UPDATE: Steyn doesn't think the president has fully made the transition to war president. But as his article indicates, we knew what we were getting when we elected Obama. Leftists assumed Obama was fibbing when he talked tough on Afghanistan and Pakistan. Many voters liked the idea that they could vote for an African American for president. As I've said before, I am indeed proud that America demonstrated that we will elect a Black man. What other country can say that of a minority? Yet thus far, I remain disappointed that Barack Obama was that Black man. President Obama was mostly voted into office by an electorate tired of President Bush, and tired of the war Bush led us in for seven years. The Left may have opposed the war--even the "good" war--but even more Americans were simply tired of war and thought they has a way out by electing President Obama whose biography could appeal to the world to end the fighting.

So an electorate tired of war in 2008 elected a man who wanted to ignore the war and focus on domestic policies. Our president hoped an outreach would convince our jihadi enemies that they, too, should be tired of war. And Americans hoped for that, too.

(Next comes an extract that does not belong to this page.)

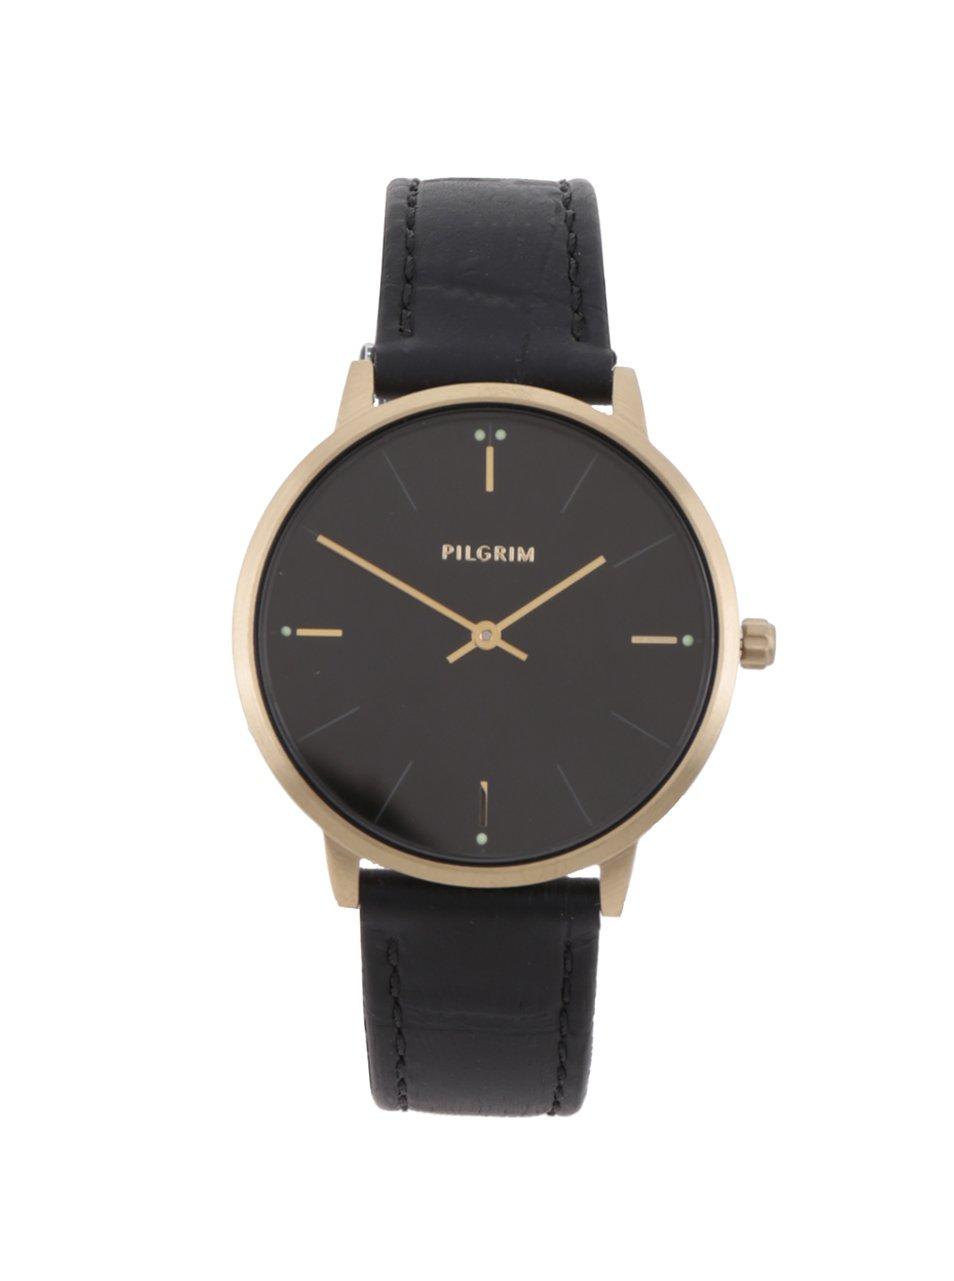 Dámske pozlátené hodinky s koženým remienkom Pilgrim  73defc454e3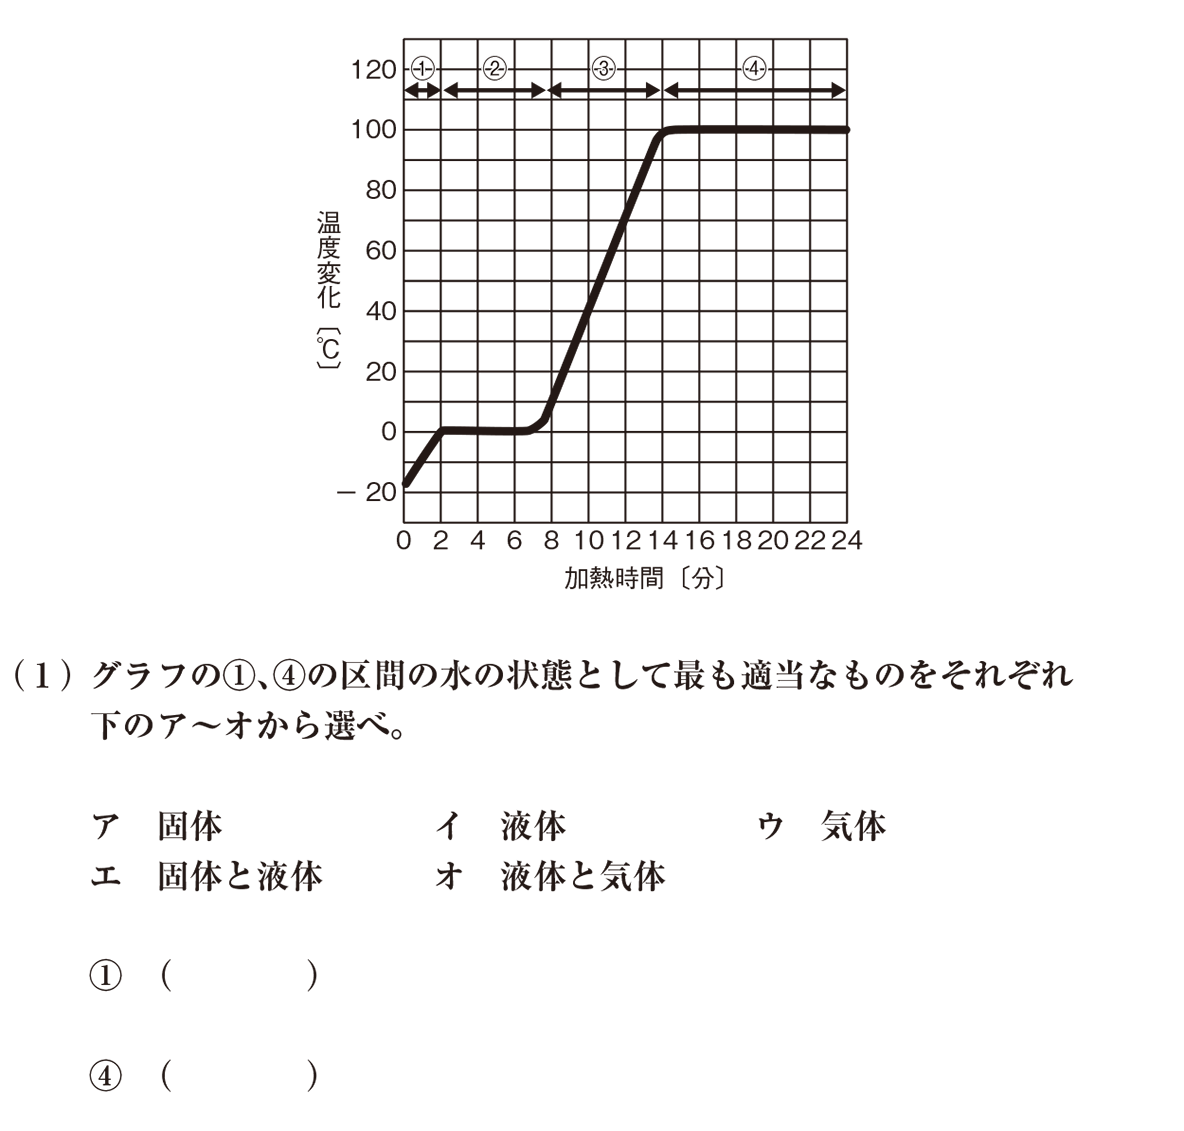 高校化学 物質の状態と平衡 練習 グラフと(1)

But our enemy is not tired. And they won't get tired. Not on their own. They only get tired when they are crushed and beaten into the ground. That's how we beat jihadis in Iraq. That's how we'll beat them in Afghanistan. And that's the only way we'll beat them in the wider Islamic world--with the help of Moslem rulers and people who finally get tired of the death, destruction, and tainted reputation that the jihadis give all Moslems. Our president needs to know we are at war. And the American people have to again know that, too. Has the Christmas Day bombing attempt done both of those things?

Our president may still believe in his unique ability to reach out to the Islamic world. I actually hope he has that ability. Because now that we know that our enemy will not stop trying to kill us in our homes and planes, and now that the president seems to increasingly realize we are at war, President Obama will need that ability to reach out to the Islamic world to explain to them why we need to hunt and kill the jihadis. And he'll need to explain to the Moslem world that they need to join us in destroying the jihadis in their midst.